When reviewing code, the first step is to know what has to be checked, and what will be considered for fixing. There are lots of considerations to be taken into account, and it is often difficult to both agree on which code smells to check, and to collect all of them in the same time. ClearPHP aims at solving this last problem : collect all recommendations, and have them available as a reference.
A reference for good code
Sources of inspirations for rules included in clearPHP are several
- PHP manual itself. It has its own recommendations, such as the userland naming rules, Comparison (big warning about floating point comparison), or warnings about strpos() and friends.
- PHP version migrations, also detailed in the appendices of the manual. They require a dose of code review.
- Computer science recommendations, such as the classic for optimization (for($i = 0 ; $i < count($array) ; $i++) {…}
- Performances and security recommendations.
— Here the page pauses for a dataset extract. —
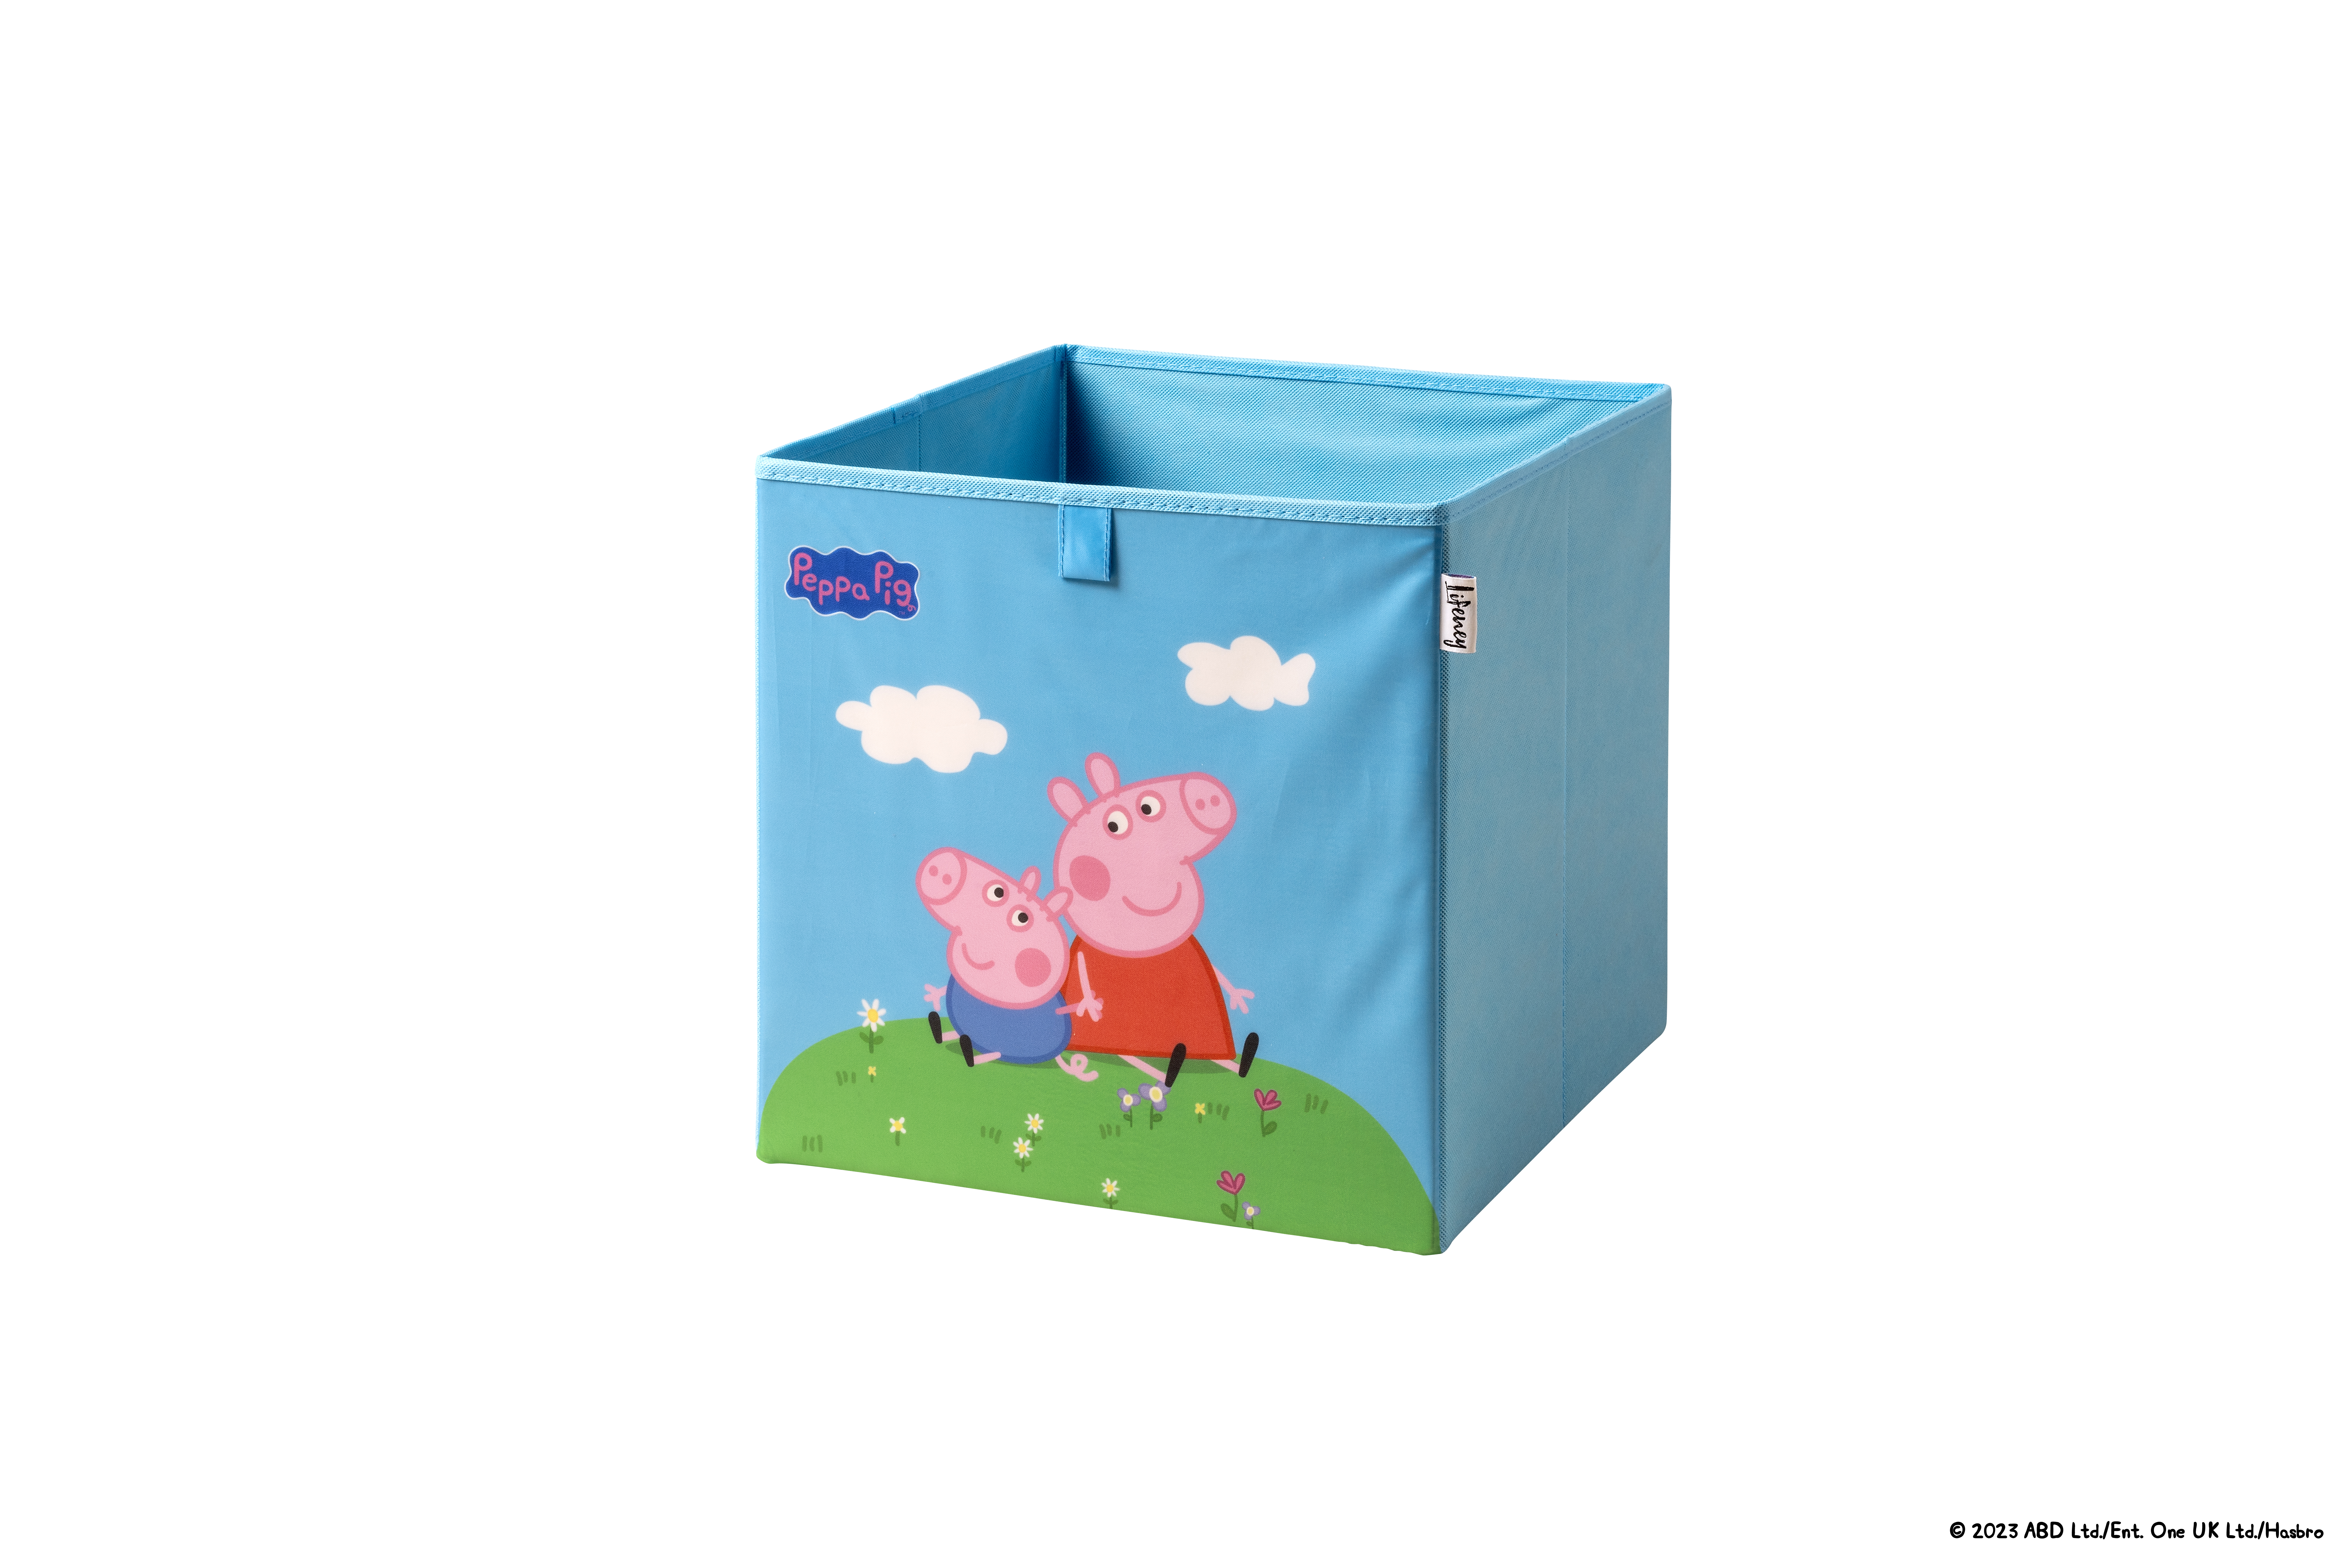  Aufbewahrungsbox Lifeney – Peppa y George sentados, caja de almacenamiento para niños, diseño de Peppa Pig, garantía de 5 años

Those tends to be presented with general concepts. ‘filter input, escape output’ is always a good recommendation, but it may be difficult to understand how to apply it.
- Experience gained from reviewing code, discussing with community and other fellow developers.
Code smells, not coding convention
Currently, code audits will use coding convention, which focuses on how the code is written. That means variable naming scheme, indentation, operator’s spacing, etc. Some of the rules listed here will arguably fall into this category, though clearPHP reference aims at referencing code smells rather than coding conventions. For example, bracketless control structure are considered as coding convention, and is also part of this reference as a bug source.
On the other end, checking code for cleanness stops when it reach conception choices. Those choices are made in relation with the business logic or a higher level of abstraction. This is were features and bugs are sorted out. At that point, the influence of auditing coding is limited.
Choose your own reference
Such reference will be quite big. It is already and keeps growing. It is impossible to apply all those rules at the same time : first because it will take too long to apply ; secondly, because rules might be contradictory. This is not critical, as choosing a set of them is the most important. It capture the spirit of coding for one product or application. You are encouraged to choose any set of rules that you feel will apply, and just ignore the rest.
ClearPHP is a work in progress, and PR on github will be welcome, so as discussions about the content itself. Enjoy.